There is supposed to exist something known as the Green Paradox which says that ‘policies of lowering carbon demand may aggravate rather than alleviate climate change.’ It’s nonsense, of course, because it’s based on the theory that industrial carbon dioxide emissions cause statistically significant increases to a fuzzy concept known as global temperature. Even assuming that you subscribe to the CO2 theory, this particular green paradox does not exist for reasons explained here.
But there is a green paradox that might be described as ‘the policy of preserving pristine rainforest may reduce, rather than maintain, biodiversity.’
Consider this uplifting story which appeared in the Independent last week;
A frog with fangs, a blind snake and a round-headed dolphin are among more than 1,000 new species recently found on the incredible Melanesian island of New Guinea, environment group WWF said.
Scientists made the astounding discoveries, which also included a river shark and dozens of butterflies, on New Guinea at a rate of two a week from 1998 to 2008, WWF said in a new report on the island’s natural habitat.
A frog with fangs? A blind snake? And these weren’t horribly deformed post-Fukushima mutations?
They were not. The World Wildlife Fund must be kicking themselves that these creatures were discovered too early to take full advantage of another apocalyptic scare story…
Uh-oh. I spoke too soon…
Seemingly unable to bring themselves to display unbridled optimism for so large an increase in the biodiversity they constantly mourn, the Indy’s journalists followed up the very same day with this tale of doom and destruction:
Once again, new species emerge into the light to be confronted by an overwrought greenie prostrating himself before them, shaking his head and telling them that they only have months to live.
God forbid the more honest approach – which would entail the green NGOs admitting their collusion with the city and the politicians in their determination to vilify fossil fuels. The corporate green campaign, built entirely on the back of unproven and dishonest CO2 propaganda, has resulted in a significant switch to eco-fuels which, in turn, has created a valuable new market for palm oil. The environmentalists’ blindsiding suggests they were strangely unprepared for their corporate chums’ opportunism.
Nobody but a greenie can blame the New Guineans for seeking to exploit their natural resources in exactly the same way that other countries have always done. And nobody but a greenie will deny that the market for eco-fuels is being largely driven as a direct result of their own, confused green agenda.
If the environmental lobbyists seriously believe their stories of imminent biodiversity collapse and mass extinctions resulting from the palm oil industry, they should back the use of coal, oil, nuclear and gas fracking: all are considerably less physically invasive than wall-to-wall palms and windmills. And as previously reported, the green solutions actually exacerbate the made-up problems they are supposed to cure.

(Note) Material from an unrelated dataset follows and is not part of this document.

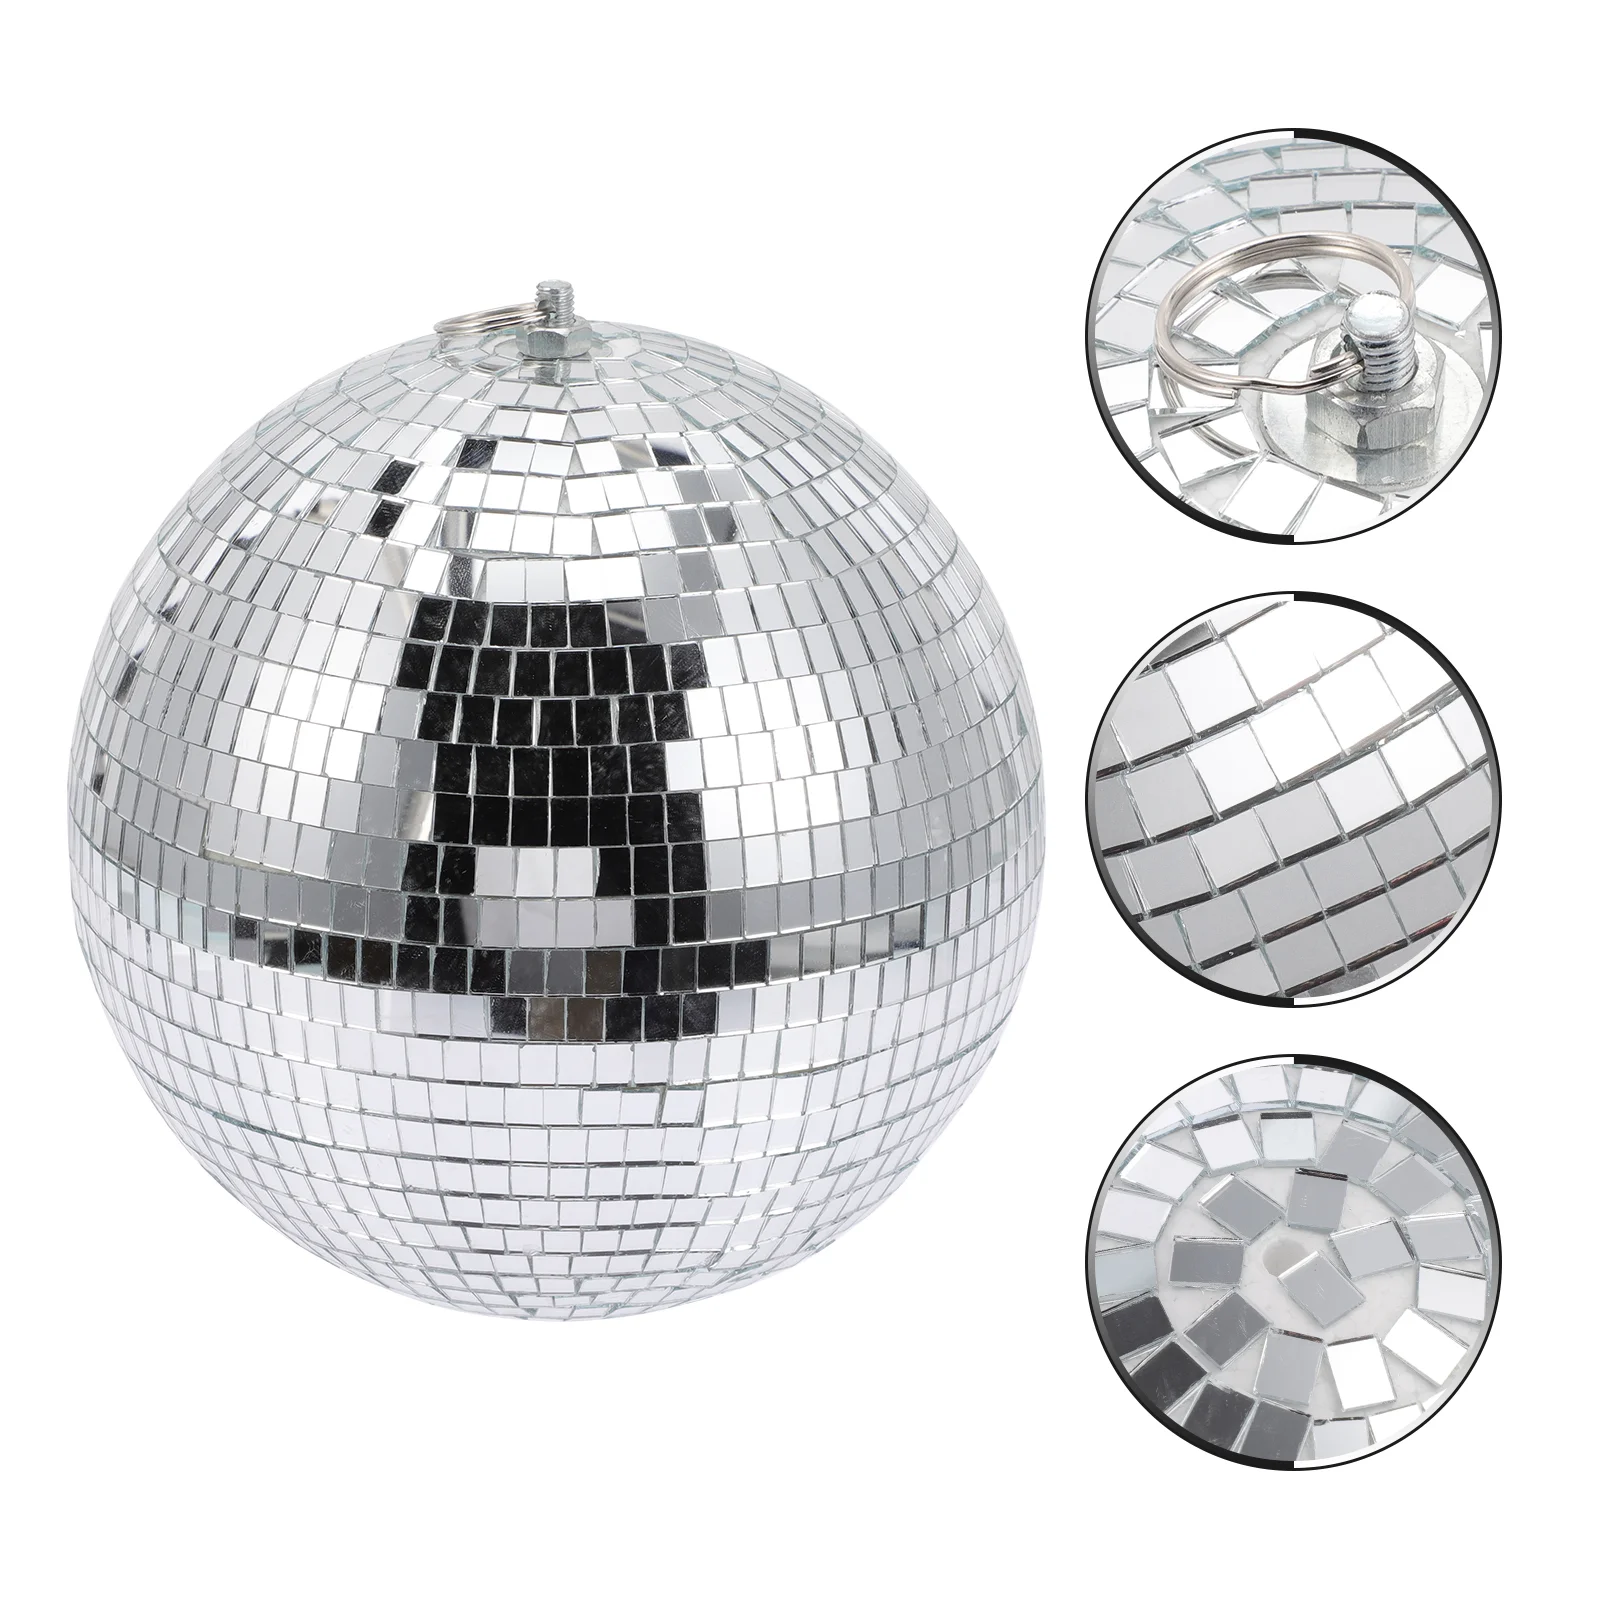 

Silver Mirror Reflective Disco: 20cm Nightclub Flash Mirror Ornament Hanging Bauble Shatterproof Balls for Holiday Faceted

But what of the conundrum at the heart of this story?
The green NGOs never tire of telling us that rainforests are vital habitats and should be preserved. However, I suggest that it is almost certain that all the new species found in New Guinea were found as the result of the forest clearance that facilitated palm oil production – the timing certainly fits. What’s more, all these new species appear to have survived deforestation unscathed – because if they hadn’t, I’m sure we would have been told.

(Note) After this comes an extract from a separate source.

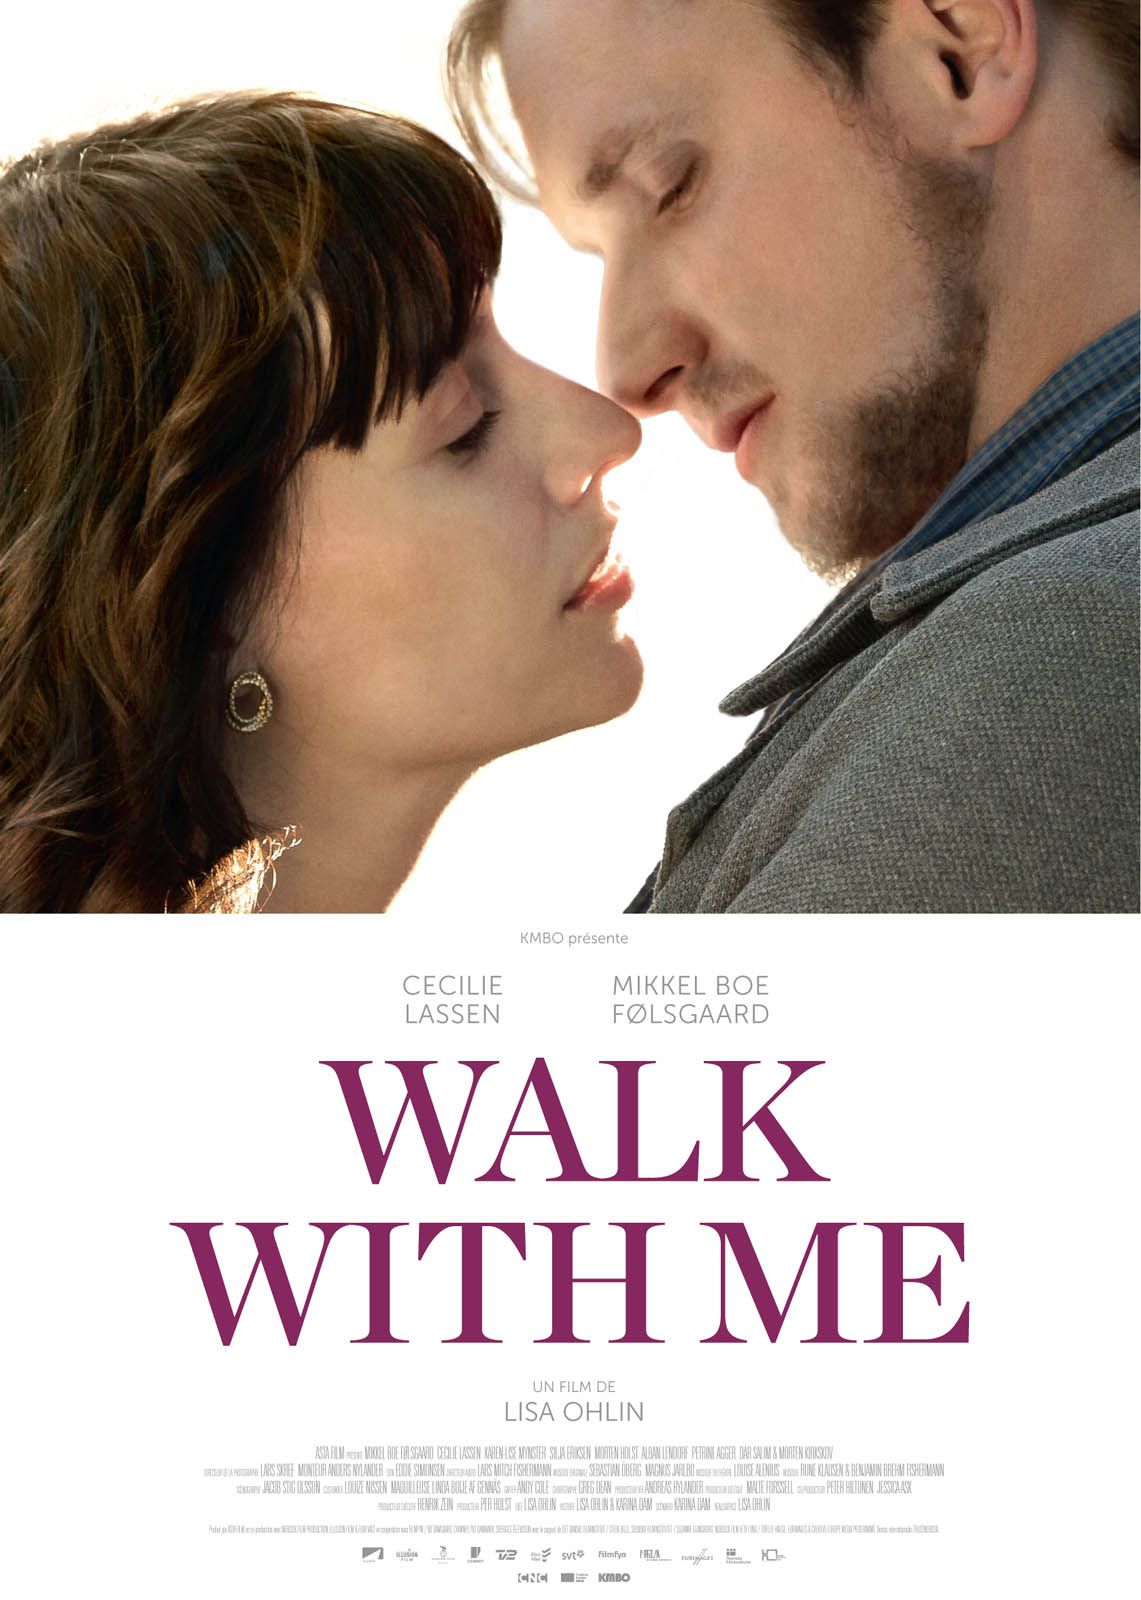 Walk with Me - Film (2016) streaming VF gratuit complet

The question arises, is it better that we discover and understand the full range of biodiversity or should we accept that some species will come and go unnoticed?
If the former, do we not have to accept that virgin habitat is counter-productive to our aim? If the latter, why are the unknown species less important than the species we know of? What would be the perfect green balance between known and unknown and by what authority would anybody make such a determination? It also stands to reason that ‘hidden’ extinctions take place when unknown species are over-run by a locally dominant species. Do we tolerate these as natural events and, if so, why is there not a comparable belief that our actions as the dominant species are not equally natural?
So, should we deforest or leave well alone? Either option involves a decision that will shape our world in different ways, but as greens regularly pursue the environmental status quo – to the extent that they are generally intolerant of human interactions with nature – neither course of action can meet with green approval: not without rank hypocrisy, anyway.
And therein lies the paradox. Whatever we might choose to do, we cannot satisfy the green movement.
The way forward is for our politicians to ignore them.